EXERCISE: Using the listing below, set down each line from the line containing "武汉市2019年1月园林信息价" through the line containing "Ash Wednesday T", both ends included, exactly and with nothing added.

DATA RECORDS:
- Opening Delimiter -
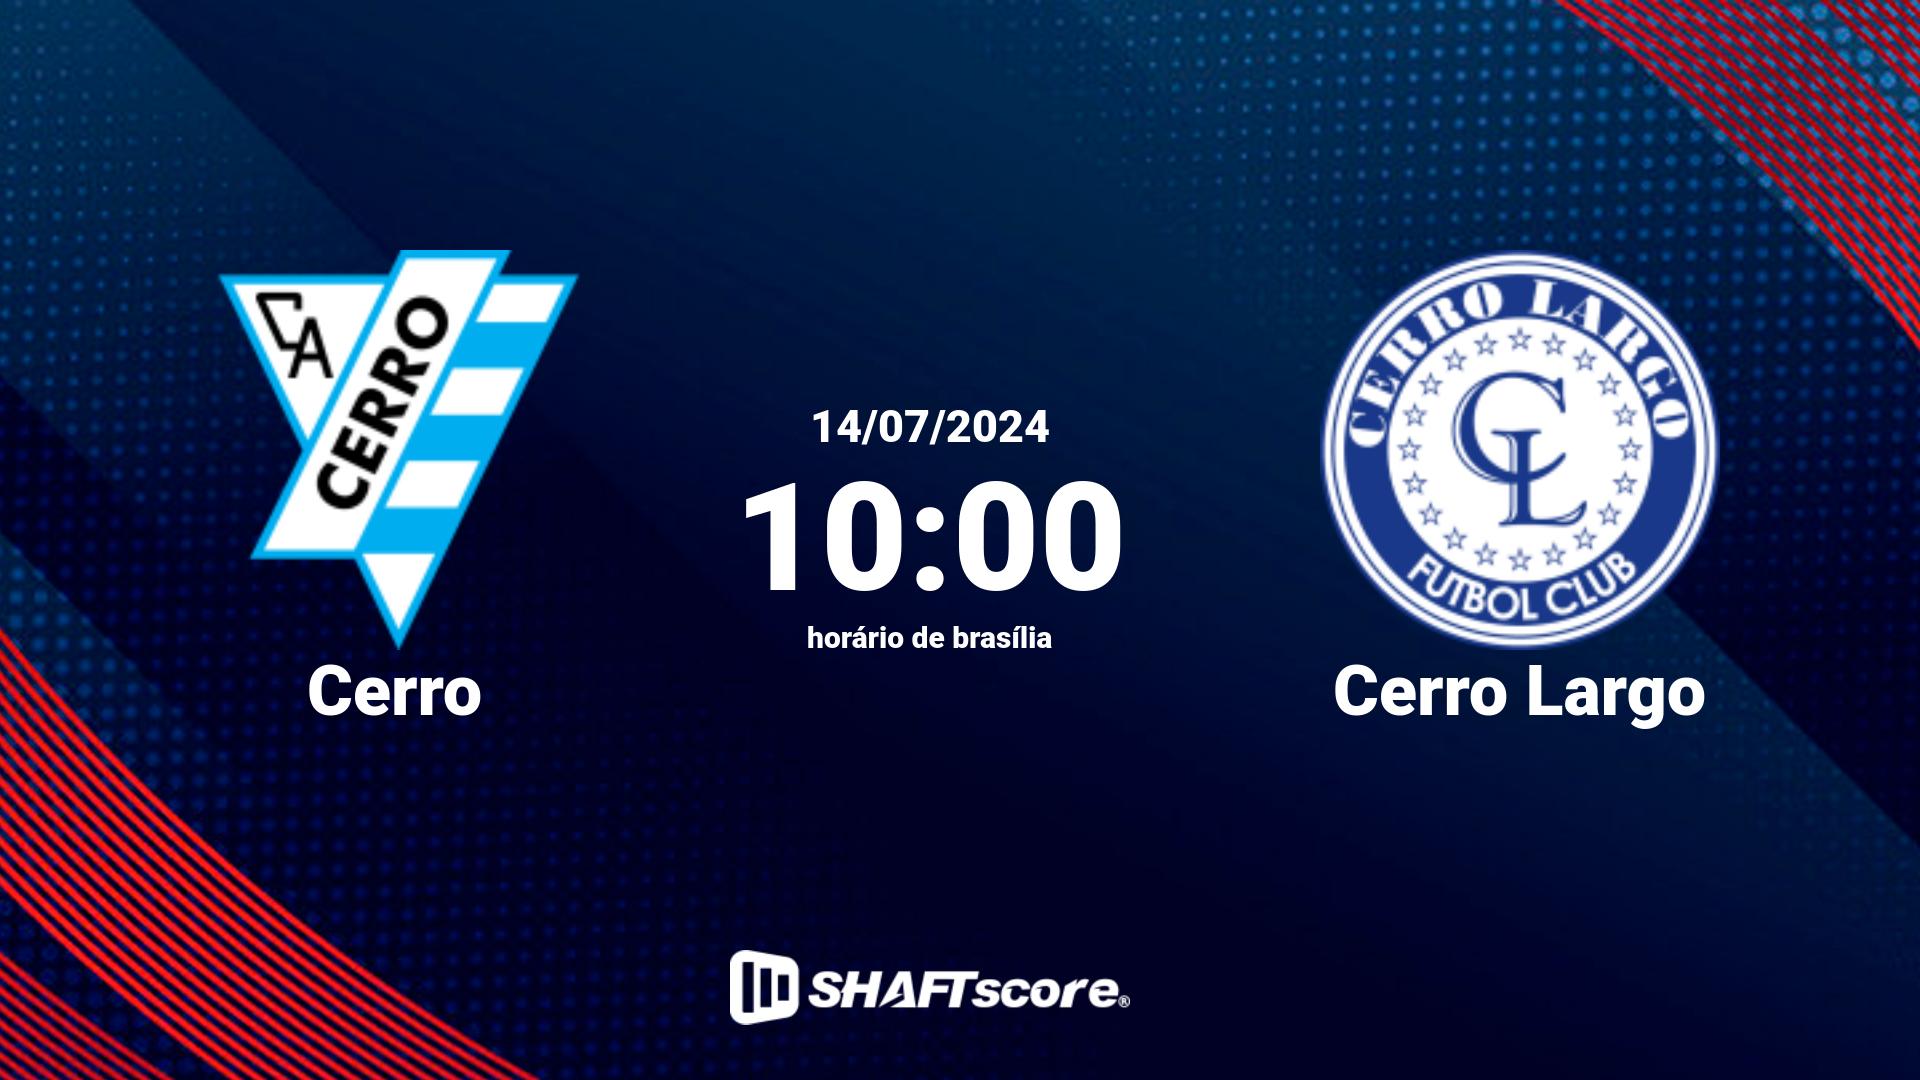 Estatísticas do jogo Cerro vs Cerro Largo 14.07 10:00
- Closing Delimiter -
- Opening Delimiter -
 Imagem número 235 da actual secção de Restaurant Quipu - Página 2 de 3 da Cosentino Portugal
- Closing Delimiter -
- Opening Delimiter -
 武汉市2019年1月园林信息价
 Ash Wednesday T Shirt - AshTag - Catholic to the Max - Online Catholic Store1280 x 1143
- Closing Delimiter -
RESULT OF THE EXERCISE:
 武汉市2019年1月园林信息价
 Ash Wednesday T Shirt - AshTag - Catholic to the Max - Online Catholic Store1280 x 1143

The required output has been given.